The message system here mainly refers to storage-based message systems such as Kafka and RocketMQ. There are many similarities between message systems and data integration software, both of which serve as pipelines for data streams. The core difference is that the message system is more like a universal bus, responsible for high-throughput data distribution, while the pipeline of data integration is oriented towards specific domains. The inspiration that the message system brings to data integration software mainly comes from storage-based messaging systems like Kafka. This makes me wonder what would happen if data integration software introduced a storage layer?
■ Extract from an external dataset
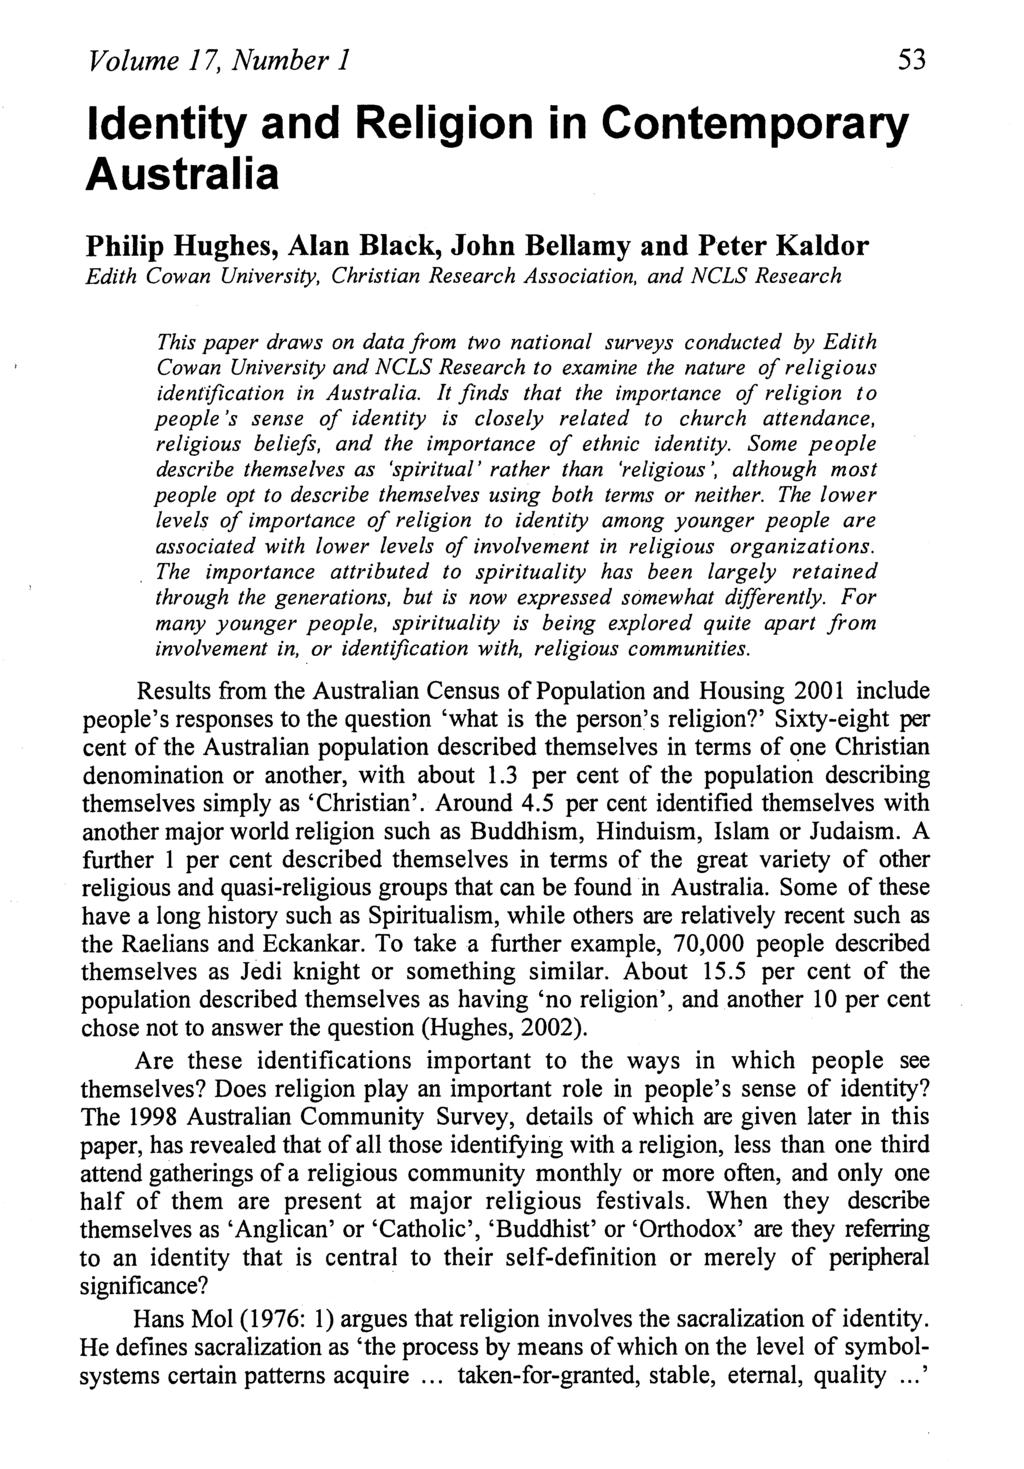 Volume 17, Number 1 53 Identity and Religion in Contemporary Australia Philip Hughes, Alan Black, John Bellamy and Peter Kaldor Edith Cowan University, Christian Research Association, and NCLS

From my accumulation in this field in recent years, I think it is necessary for data integration software to introduce a loosely coupled storage layer. Data integration software is often designed as a stateless pipeline and does not persist data itself. For data integration software, the biggest problem with completely abandoning storage is** losing control of change data**. Typical problems caused by losing control of change data include:

  • Lost change log: The most common problem we encounter in actual application scenarios is that the user’s own change log on the client side is missing, causing synchronization blockage. Once this happens, it basically requires a complete and incremental operation to recover data.
  • The stability of the data pipeline is uncontrollable: Delay is an inevitable problem in CDC sync scenarios, and often it is constrained by resources and the read/write capabilities of source or dest databases. Because change data cannot be controlled, whether the data pipeline can continue to work stably depends on the database itself. Data integration software can not interfere database to manage and controls change logs.

Overall, introducing storage is meaningful for data integration software. We can design a storage layer that is loosely coupled with the kernel to store change data, which can bring many benefits. These include:

  • Obtain control over change data: The entire data change flow is under the control of the data integration software itself. We can let users decide on the strategy for retaining data, and the CDC capability of the core data integration is no longer affected by internal database mechanisms, achieving a simpler and more stable data pipeline.
  • Shareable change data: Without a storage layer at the level of the data integration software, there is no sharing of change data. If a database’s change log has many downstreams, dumping and parsing this process will be repeated, which is wasteful in terms of performance and network bandwidth.
  • Targeted optimization: Introducing a storage layer makes it possible to do more performance optimizations for the data integration software. For example, optimization work can be carried out from perspectives such as shared-data caching.